Ergodic Trajectory Optimization on Generalized Domains Using Maximum Mean Discrepancy
Christian Hughes, Houston Warren, Darrick Lee, Fabio Ramos, Ian Abraham
TL;DR
This work addresses the limitation of domain-specific ergodic trajectory optimization by introducing a maximum mean discrepancy (MMD) based ergodic metric that operates on samples from any domain. By embedding distributions into a reproducing kernel Hilbert space and using a domain-aware kernel, the method defines an ergodic objective that can be optimized with standard solvers while accommodating Lie groups and differential kinematic constraints. The approach demonstrates competitive ergodicity across diverse domains (SE(3) objects, bunnies, turbines) without requiring explicit utility maps or basis function computation, albeit with quadratic scaling in the number of domain samples.

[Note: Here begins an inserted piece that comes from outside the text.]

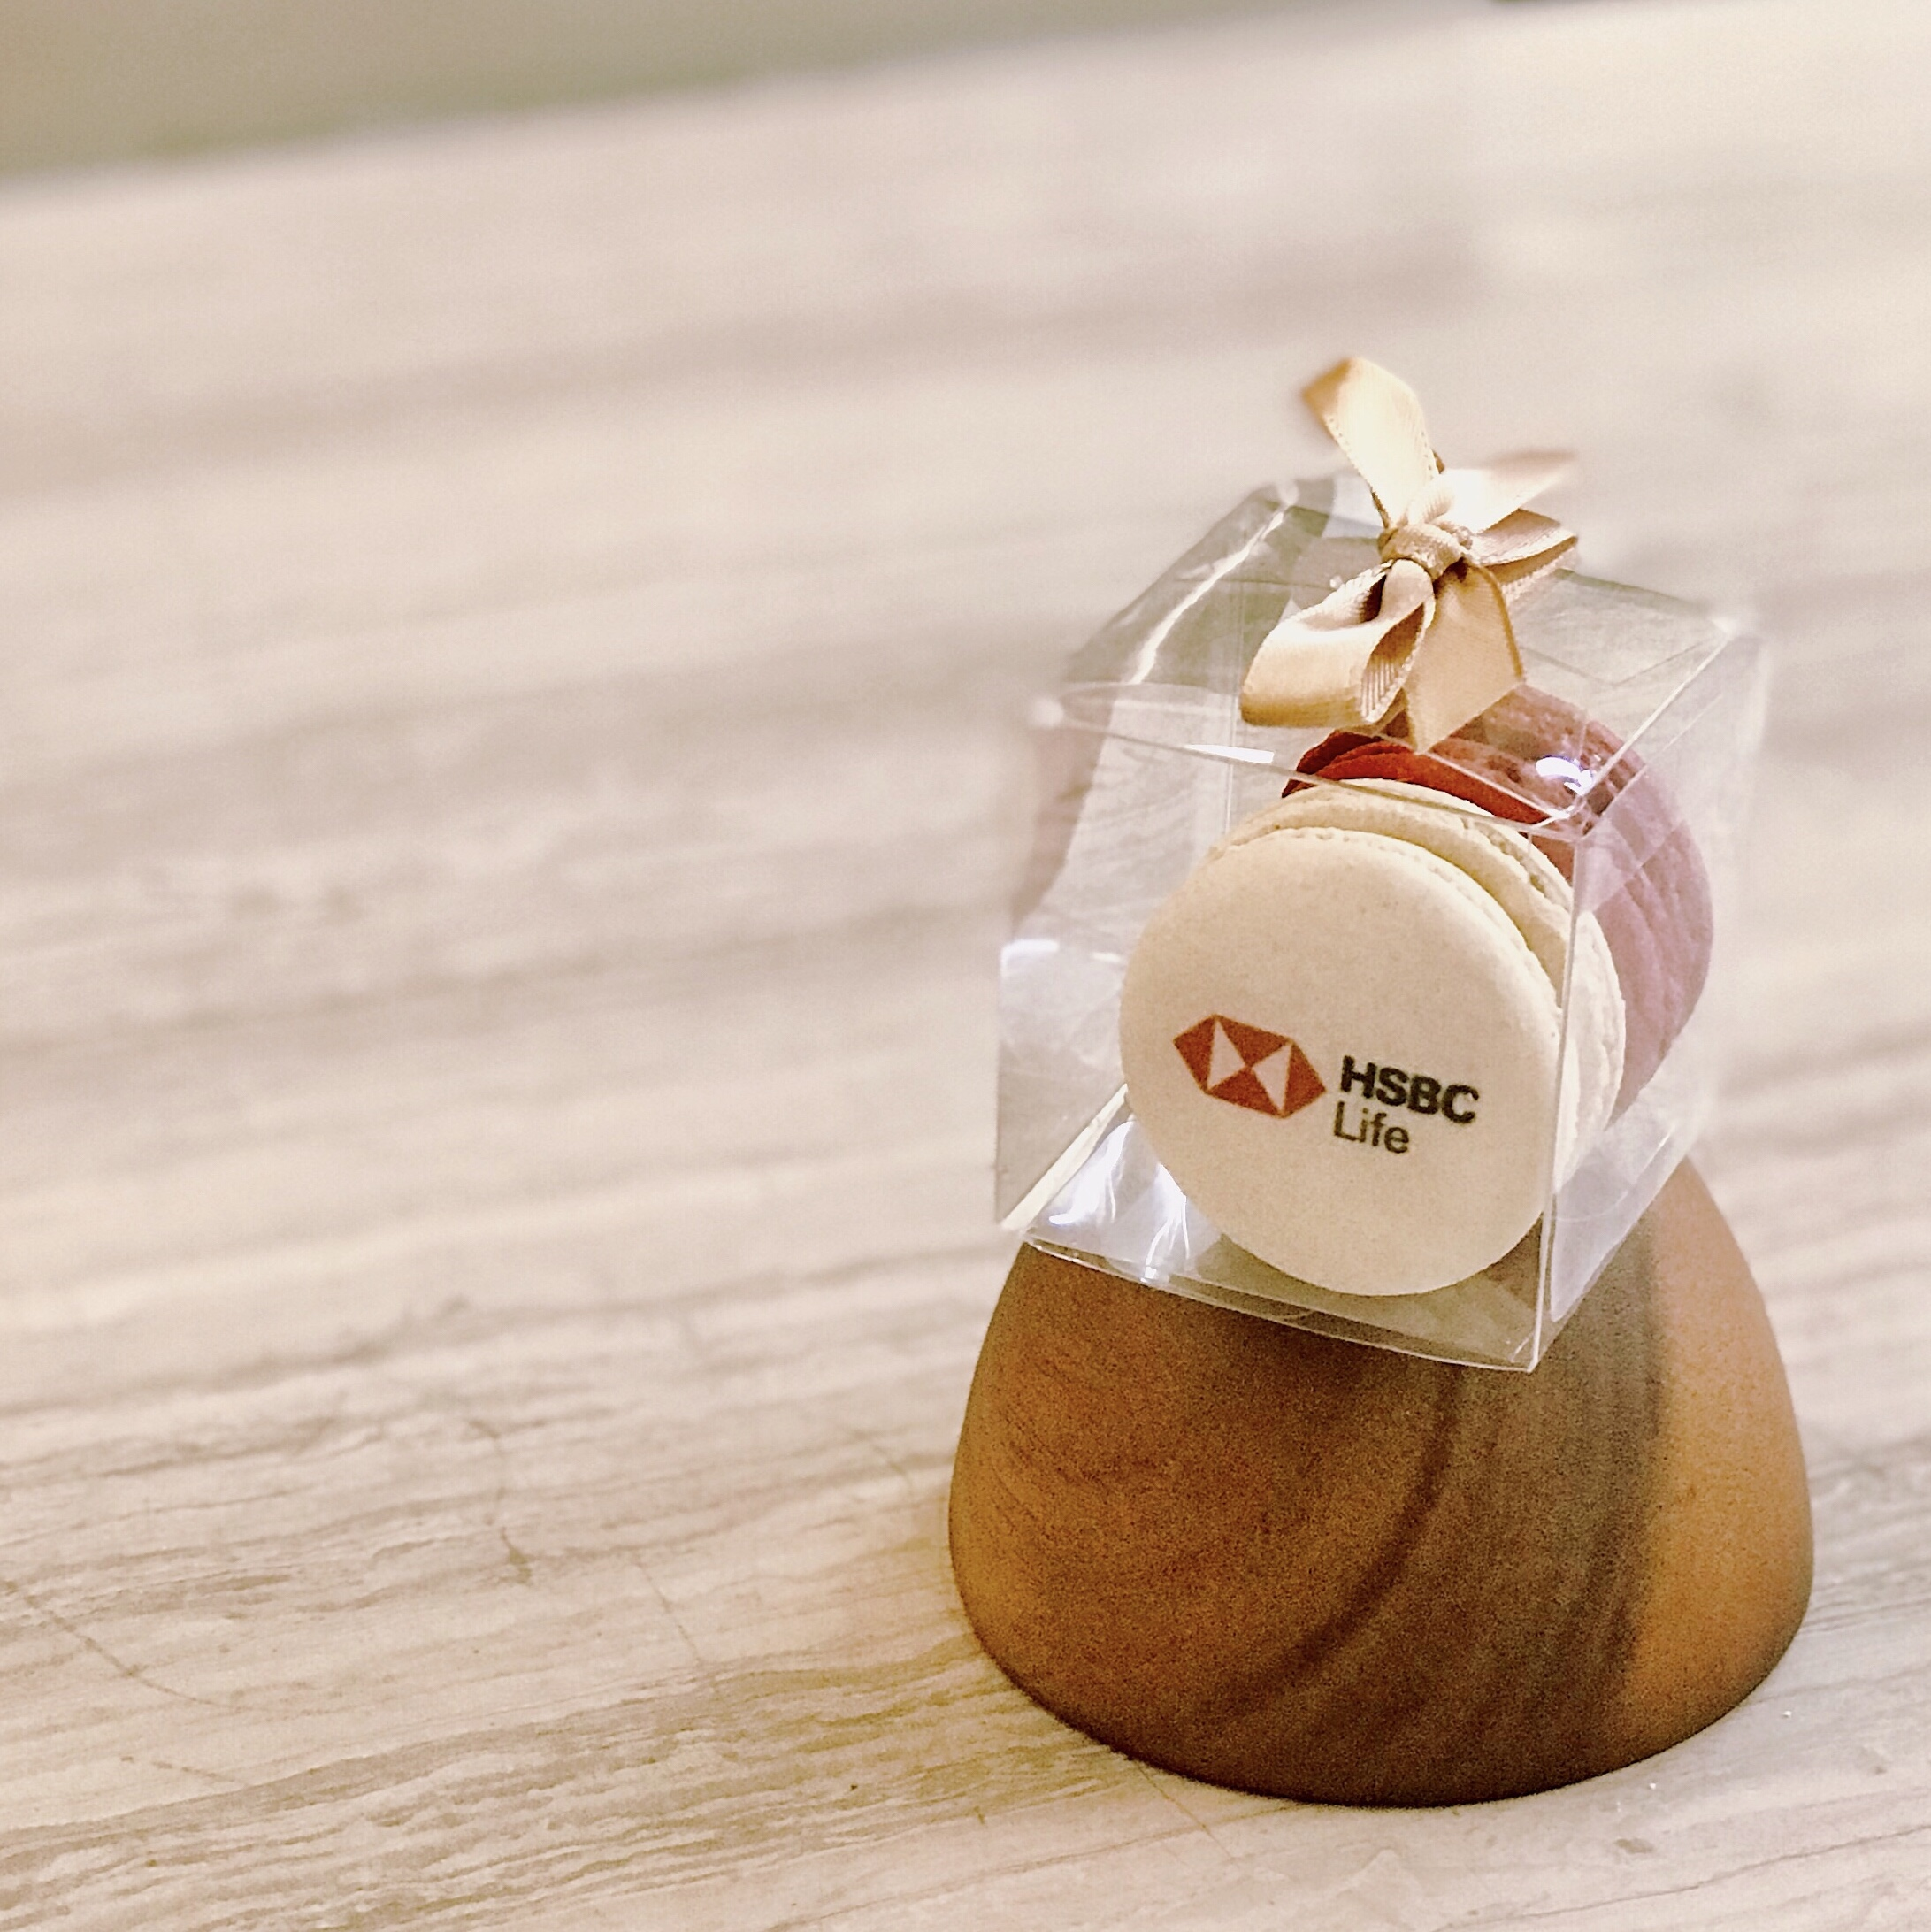 Macaron Gift Idea (2 Macarons)

Overall, the method broadens the applicability of ergodic coverage to general objects and environments and offers a practical trade-off between generality and computational cost for robotic exploration tasks.
Abstract
We present a novel formulation of ergodic trajectory optimization that can be specified over general domains using kernel maximum mean discrepancy. Ergodic trajectory optimization is an effective approach that generates coverage paths for problems related to robotic inspection, information gathering problems, and search and rescue. These optimization schemes compel the robot to spend time in a region proportional to the expected utility of visiting that region. Current methods for ergodic trajectory optimization rely on domain-specific knowledge, e.g., a defined utility map, and well-defined spatial basis functions to produce ergodic trajectories. Here, we present a generalization of ergodic trajectory optimization based on maximum mean discrepancy that requires only samples from the search domain. We demonstrate the ability of our approach to produce coverage trajectories on a variety of problem domains including robotic inspection of objects with differential kinematics constraints and on Lie groups without having access to domain specific knowledge. Furthermore, we show favorable computational scaling compared to existing state-of-the-art methods for ergodic trajectory optimization with a trade-off between domain specific knowledge and computational scaling, thus extending the versatility of ergodic coverage on a wider application domain.